Question: Let I = $[0,1]$. Suppose $f$ is a continuous mapping of I into I. Prove that $f(x) = x$ for at least one $x\in I$.
Note: Define first($[A,B]$) = $A$ and second($[A,B]$) = $B$, where $[A,B]$ is an interval in R.
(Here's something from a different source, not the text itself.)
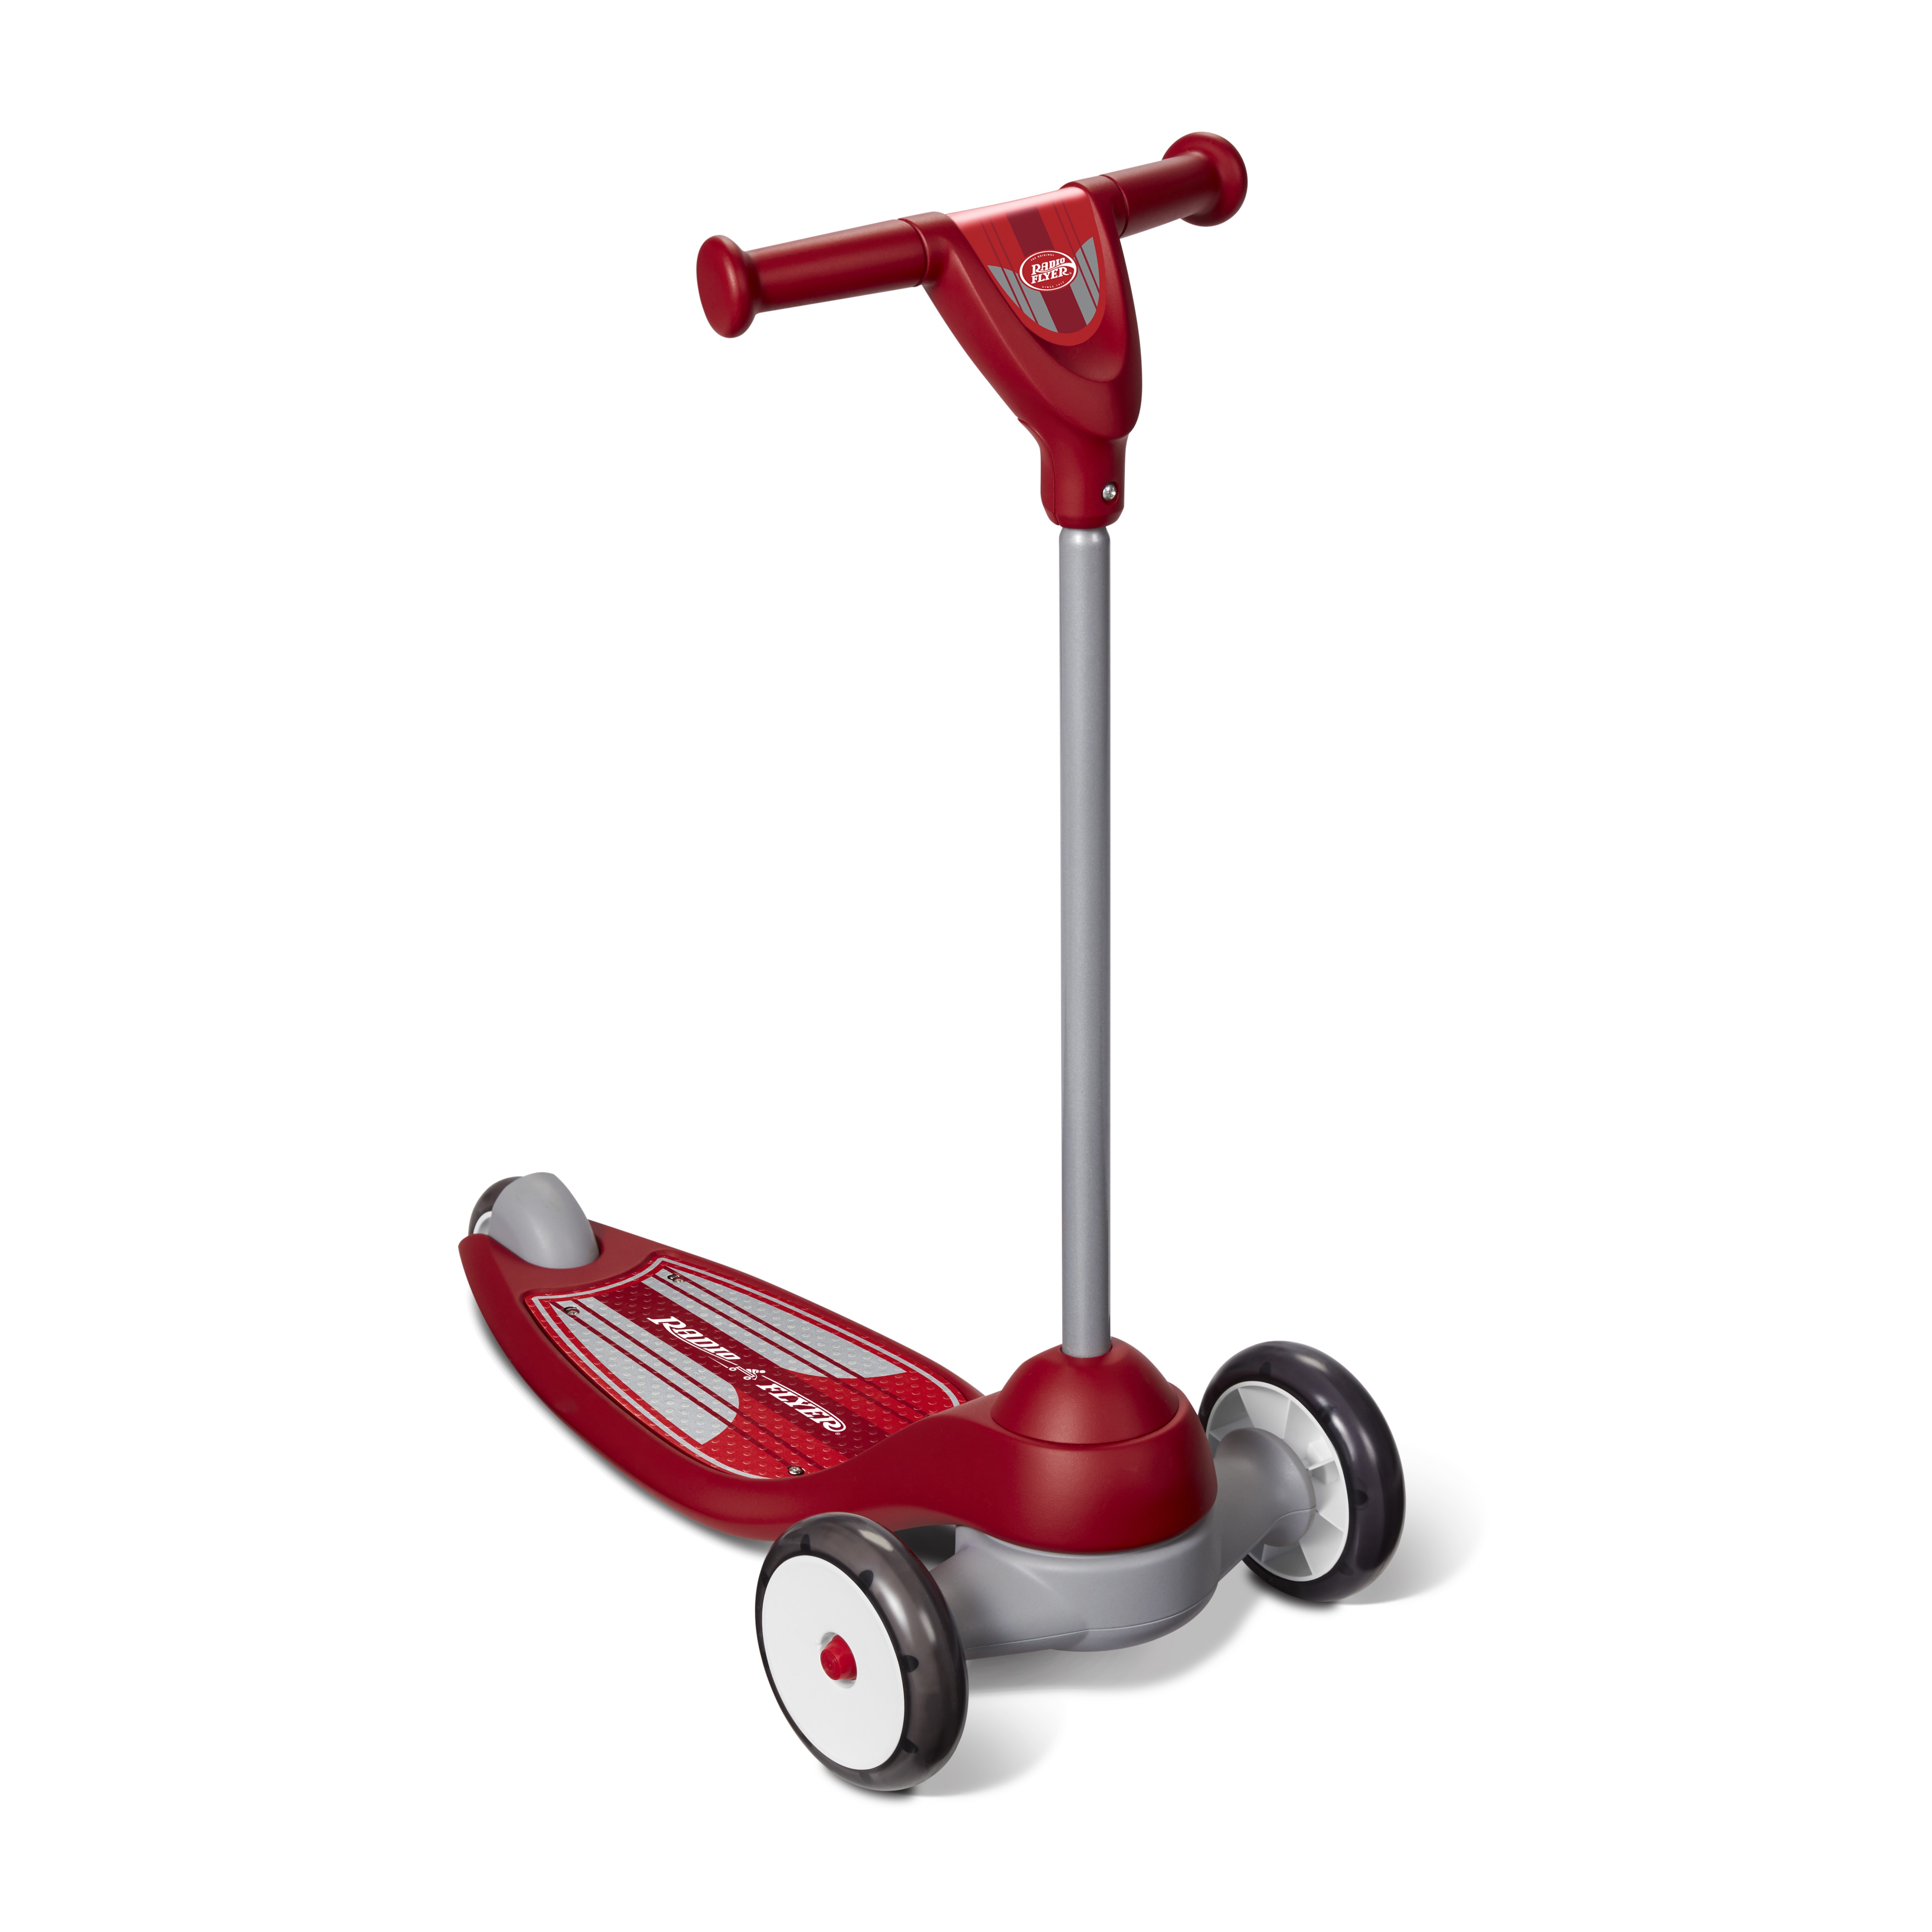 Radio Flyer, My 1st Scooter Sport, Three Wheel Scooter, Red - image 1 of 7

Proof: let M = $sup\ f(I)$ and m = $inf\ f(I)$. Assume that M $\neq$ m and that $f(x) \neq x$ for all $x\in I$.Then $f$ is strictly monotonic and so let $L_1$ = $[f(m),f(M)]$ and define $L_n = [f(first(L_{n-1}), f(second(L_{n-1}))]$ ($n\ge 2$). Then V=$ \bigcap L_n$ is non empty. Now let $y\in V$. Then there exists $x_1\in V$ such that $f(x_1) = y$. Then if $x_1 \neq y$, we have $f(x_1) \neq y$, which is a contradiction and so $x_1 = y$. But this is contradicting our assumption. For the case where M = m it is trivial as the function would be a constant one.
Is it possible to generalize this to $R^k$ or perhaps to metric spaces?
Consider $g: x \in [0,1] \mapsto f(x) - x$, $ \ g(0)≥ 0 \ ; g(1) ≤0$. $g$ is continuous so...